Crisis text lines, originating in 2013, are gaining momentum as a suicide prevention crisis service. One of the first national texting hotlines, Crisis Text Line, reports exchange of 125 million text messages since its inception (
www.crisistrends.org). Despite increasing use of text lines, empirical data are minimal pertaining to who uses these services and their effectiveness in minimizing suicidal symptoms.
Szlyk et al.’s (
1) article on chat line suicide crisis services enhances understanding about suicidal texters, who are grouped by chat frequency and type of distress. Findings point to the not surprising similarity in content across messages, even among texters with different texting frequencies. The fact that almost 40% of the texters sent messages with high frequency (three or more times) highlights the magnitude of multiple texting episodes and likelihood that users, particularly repeat users, find the service helpful.
Chat services are a more recent addition to the armamentarium of suicide prevention services. Although research into chat line services is in its infancy, studies have found that individuals who use these services are generally younger than callers to crisis phone lines and may follow U.S. youths’ preference to communicate via texting. The increased anonymity of the chat line also may favor participation by those who feel ashamed or stigmatized regarding their mental health and suicidal concerns.
We do not yet know whether crisis texting services are as effective as crisis phone lines, but initial studies found no differences, which makes sense. Both modes mitigate loneliness; staff for each are available and warm, willing to listen, problem solve, provide resources, and promote reconnection to care. Moreover, both modes are convenient and free to use. Chat lines can be translated into over 150 languages and thus may be more usable by an international audience than calls. Data regarding individual differences between crisis texters and callers are not readily available. Unfortunately, Szlyk and colleagues’ report sheds little light on this issue; demographic data for their study were mostly uncollected because of the anonymous nature of the interactions. Future research may be able to better define who is using these services.
Szlyk et al.’s data on texting frequency are helpful. The high-frequency texters, texting three or more times, constitute 39.5% of the individuals who used the service. In contrast, the Australia Lifeline service (
www.lifeline.org.au) for both calls and texts defines high utilizers as those who place more than 20 calls per month. Australia Lifeline reports that whereas only 3% of the callers were high utilizers, they amounted to a substantial proportion of Lifeline’s workload, underscoring a critical problem of resource allocation and a need to manage messages from these individuals effectively. These multiple outreach efforts proved immensely helpful for socially isolated callers in despair. Availability of a human on the other side of a phone, whether by call or text, offers comfort and connection in an otherwise solitary world.

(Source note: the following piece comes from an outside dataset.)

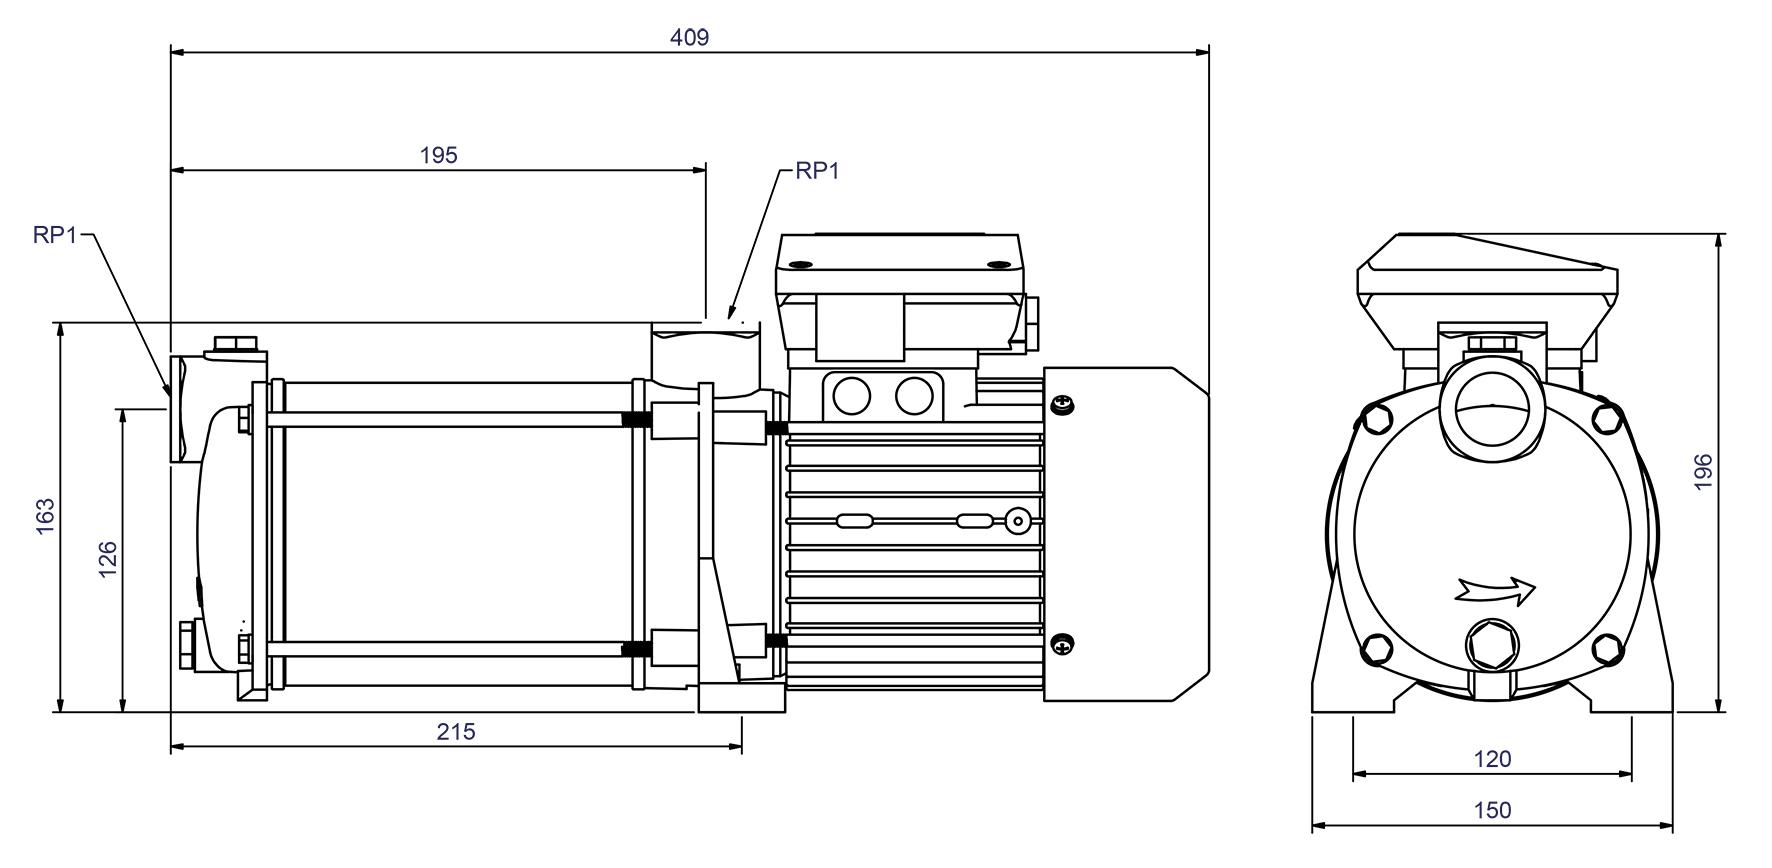 gg 20 datenblatt metallschneidemaschine. Black Bedroom Furniture Sets. Home Design Ideas

Several future research directions are suggested from this valuable article. It will be important to demonstrate that the chat services are improving suicidal outcomes or are diminishing suicide risk by fostering protective factors, such as reengagement in care. Study is also needed concerning chat line reach and utilization, including whether individuals most in need are using the chat service, the requisite training for chat line providers, and whether a more specialized skill set is required. Although continued empirical investigations regarding evaluation of these crisis services are clearly needed, novel and exciting research avenues are emerging that leverage big-data approaches to identify risk patterns by using the vast quantity of text messages. Current efforts are examining chat message content, including identification of suicide-related words to identify high-risk profiles. Research within the U.S. Department of Veterans Affairs further enhances risk detection by integrating crisis call information with medical record data, such as medication and clinical service use, to build more robust risk profiles. Enhancing analytic techniques, such as natural language processing of crisis call content, is a critical next step. The hope is that these big-data approaches yield valuable information to assist frontline clinicians in identifying the most vulnerable patients.